Continuando nuestro paseo, seguimos por la carretera hasta doblar a la derecha por el Pargo Kaling. Dejamos atrás el pueblo de Shó. Pasamos por el Puente de la Turquesa y torcimos a la derecha, en el sitio llamado la Casa de Doring. Así llegamos junto a la antigua Misión China. Entonces me dijo el lama Mingyar Dondup:
– Ha llegado una nueva Misión china, como ya te he dicho. Vamos a ver qué clase de gente es ésta.
Mi primera impresión fue muy desfavorable. Aquellos hombres se movían con arrogancia por dentro de la casa deshaciendo su equipaje. Traían armas suficientes para equipar a un pequeño ejército. Por ser yo entonces todavía un niño, podía «investigar» con mucha mayor libertad que los adultos. Con toda tranquilidad me acerqué a una ventana abierta, y así estuve un rato hasta que uno de los chinos se fijó en mí. Lanzó una maldición en chino, expresando serias dudas sobre la honradez de mis antepasados.

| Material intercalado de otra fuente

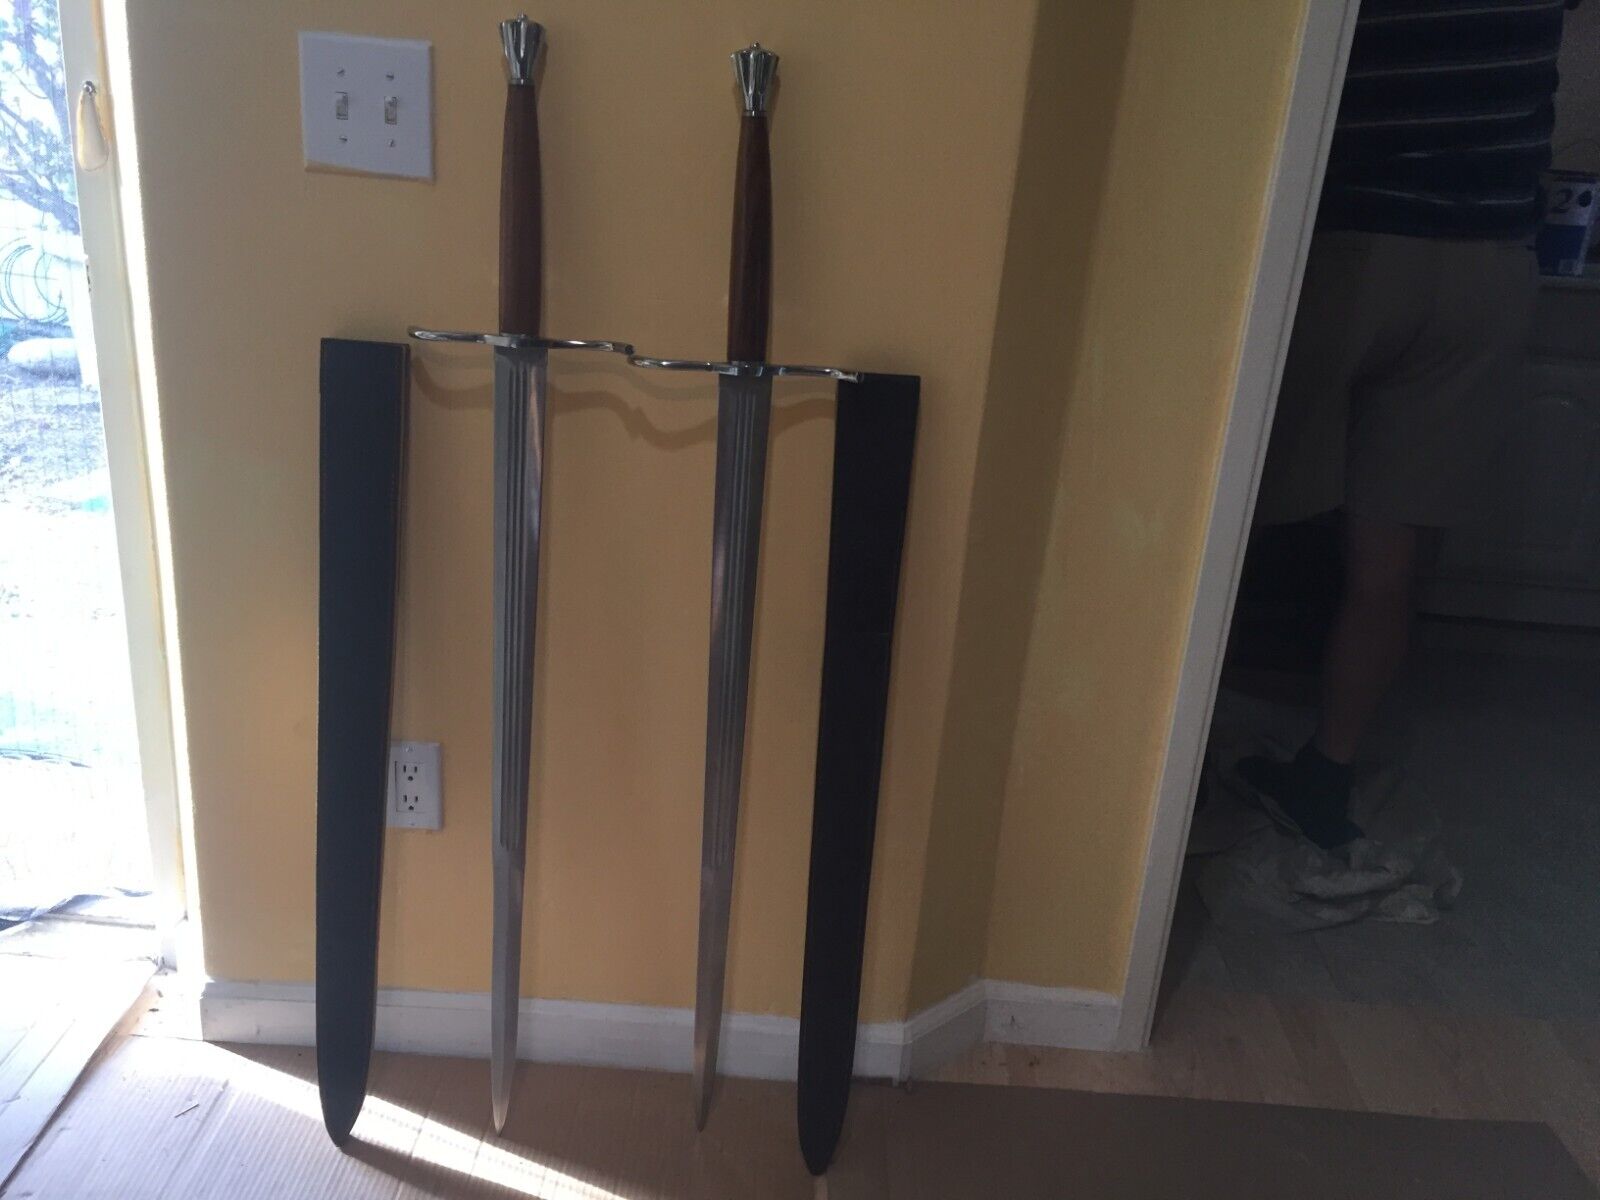 pair of super long swords 2 with leather sheaths

En cambio, no parecía dudar de cuál iba a ser mi futuro, porque se dispuso a arrojarme a la cabeza lo primero que encontró a mano. Pero me aparté y el hombre quedó desconcertado. En unos segundos me había perdido de vista.
– Las auras de esa gente son terriblemente rojas.
Durante todo el camino de regreso, el lama Mingyar Dondup fue muy pensativo. Horas después, cuando terminamos de cenar, me dijo:
– He estado meditando acerca de esos chinos. Voy a proponerle al Dalai Lama que empleemos nuestras facultades especiales. ¿Te consideras capaz de observarlos oculto detrás de un biombo?
– Si crees que puedo hacerlo, Maestro, sin duda alguna podré hacerlo.
El día siguiente no pude ver a mi Guía, pero al otro me dio clase por la mañana, como de costumbre; y después del almuerzo me dijo:
– Esta tarde vamos a dar un paseo, Lobsang. Aquí tienes un pañuelo de primera calidad; así que no necesitas de tu clarividencia para saber adónde iremos. Te doy diez minutos para que te prepares y luego ven a reunirte conmigo en mi habitación. Yo antes he de ver al Abad.
Descendimos de nuevo la Montaña de Hierro por aquella senda tan pendiente y escabrosa. Tomamos un atajo y llegamos muy pronto al Norbu Linga. Al Dalai Lama le gustaba mucho este Parque de la Joya y pasaba allí casi todo su tiempo libre. El Potala era un sitio magnífico por fuera, pero en su interior resultaba la atmósfera demasiado cargada con tanto incienso y tanto humo de lamparillas. Durante siglos había estado cayendo la grasa de las lamparillas en el suelo y era frecuente que los solemnes lamas se dieran formidables resbalones que los dejaban en ridículo. Como es natural, el Dalai Lama no quería exponerse a dar tan risible espectáculo y por eso se quedaba en los jardines todo el tiempo que podía.